Spanish Court Refuses to Hear American’s Helms Burton Claim

     In May 2019 the United States ended the suspension of rights of Americans under the Helms-Burton Act to sue for losses arising from the Cuban government’s expropriation of their properties in Cuba.  The following month, a Cuban-American and his company, heirs to former owners of expropriated Cuban land, sued the Spanish hotel chain Melia, which leased that land (in Playa Esmeralda, a popular beach vacation destination) to operate a hotel.

     Why bring such a claim in Melia’s home jurisdiction?  The Spanish Civil Code establishes a right to receive the fruits of possession in bad faith and profiting off confiscated land.    Also, it may be hard to enforce in Spain an American judgment.  Such a judgment, which would be based on the Helms Burton Act, would face the hurdle of an EU blocking law (EU Council Reg. 2271/96) which aims to protect E U residents and companies against the effects of extra-territorial legislation of foreign countries.   

     Not surprisingly the Spanish Court was not receptive. But its analysis was principled and should guide courts in other cases brought under Helms Burton.   The Court noted that the claim is based primarily on “the illegality of Cuba’s nationalization of the land”.  That meant the court would have to “assess the legality of the nationalization, or the confiscation” in order to decide whether Melia was “illicitly enriched” through its use of the land.     

     The Court had at least three reasons not to accept the claim.   One, the nationalization was a state action of a foreign country, exercising its sovereign powers, over which action the Spanish court has no jurisdiction.   Spain, like Canada, has a statute giving foreign states immunity from most legal claims: the Foreign State Immunity Act (Spanish law 16/2015).  This statute, like Canada’s, carves out an exception for commercial dealings.  However,   even though the hotel’s lease and use of the land is commercial, the underlying issue of the expropriation is not, and so the Court held the exception did not apply. 

     Two,  Spanish courts –like Canadian courts – generally will not take jurisdiction over cases pertaining to foreign land.   

     Three, to assess the legality the nationalization would entail an analysis of the law of Cuba as of the time of the expropriation, the circumstances surrounding the expropriation, and the fairness of the compensation offered for the land.    Testimony from Cubans would certainly be necessary.  Some may be very elderly and unable to travel.  If this claim was subjected to a forum non conveniens analysis, a court may well find Cuba to be the more appropriate jurisdiction.

     The ruling is under appeal.

Thursday, 11 July 2019

Hague Conference Adopts Judgments Convention


The Hague Conference on Private International Law adopted its Convention on the Recognition and Enforcement of Foreign Judgments in Civil or Commercial Matters (“Convention”) on July 2 at the Hague Conference’s 22nd Diplomatic Session.  The Convention will go into effect after two countries have signed; one country – Uruguay – has already signed.
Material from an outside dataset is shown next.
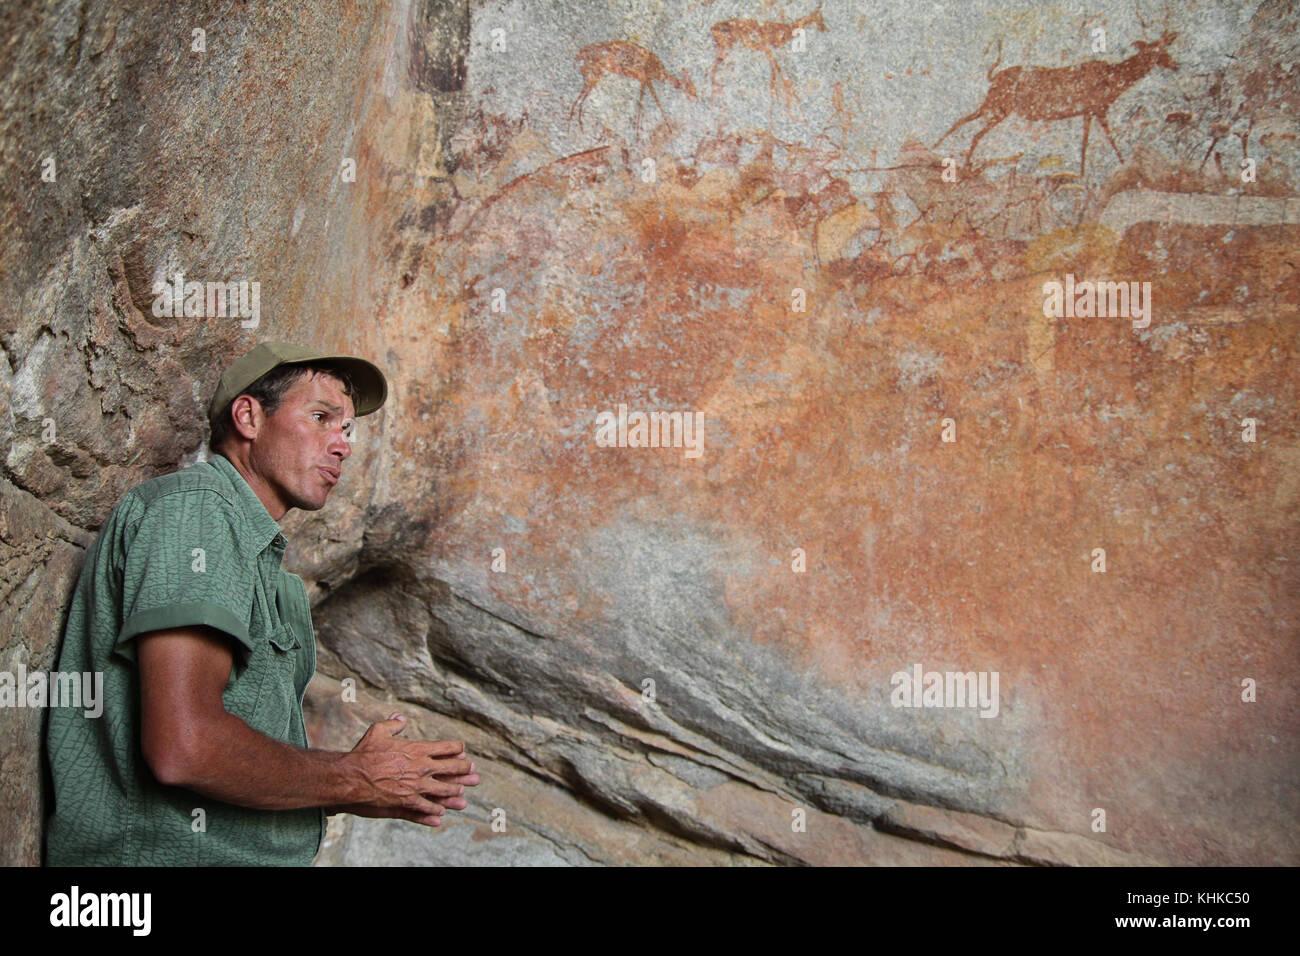 MATOPO, Zimbabwe, 17 de octubre. Guardabosque Ian Harmer conversaciones para turistas sobre pintura rupestre de Imagen De Stock

The Hague Conference began work on the Convention in 1992. 

If many countries sign, the Convention will be a major improvement in international legal cooperation.    Enforcement of foreign judgments is highly restricted, or not available, in several big countries which impose a reciprocity requirement, such as the People’s Republic of China, the Russian Federation, India, Germany, Japan, and Austria.   The Convention eliminates reciprocity as a prerequisite for enforcement.  

Highlights of the Convention

The Convention requires that a judgment given by a court of a Contracting State (the “State of Origin”) shall be recognized and enforced in other Contracting States (the “Requested State”) – without any review of the merits (Art. 4) -- if it is in effect in the Contracting State (art. 4) and if the judgment meets any one of a long list of conditions are met (Art. 5).  Those conditions, which are similar to the conditions for jurisdiction in the common law in Canada, include:
a.)    the judgment debtor was habitually resident in the State of Origin;
b.)    the judgment debtor had its principal place of business, or at least a branch, there;
c.)    the judgment debtor attorned to the jurisdiction (e.g. by suing there, by consenting to jurisdiction in a forum selection clause, or by arguing the merits of the case without contesting jurisdiction);
d.)    the judgment pertains to a lease of real property located in the State of Origin; and
e.)    the judgment pertains to a tort arising from death, physical injury, or damage to/loss of property, and the act/omission causing the harm occurred in the State of Origin.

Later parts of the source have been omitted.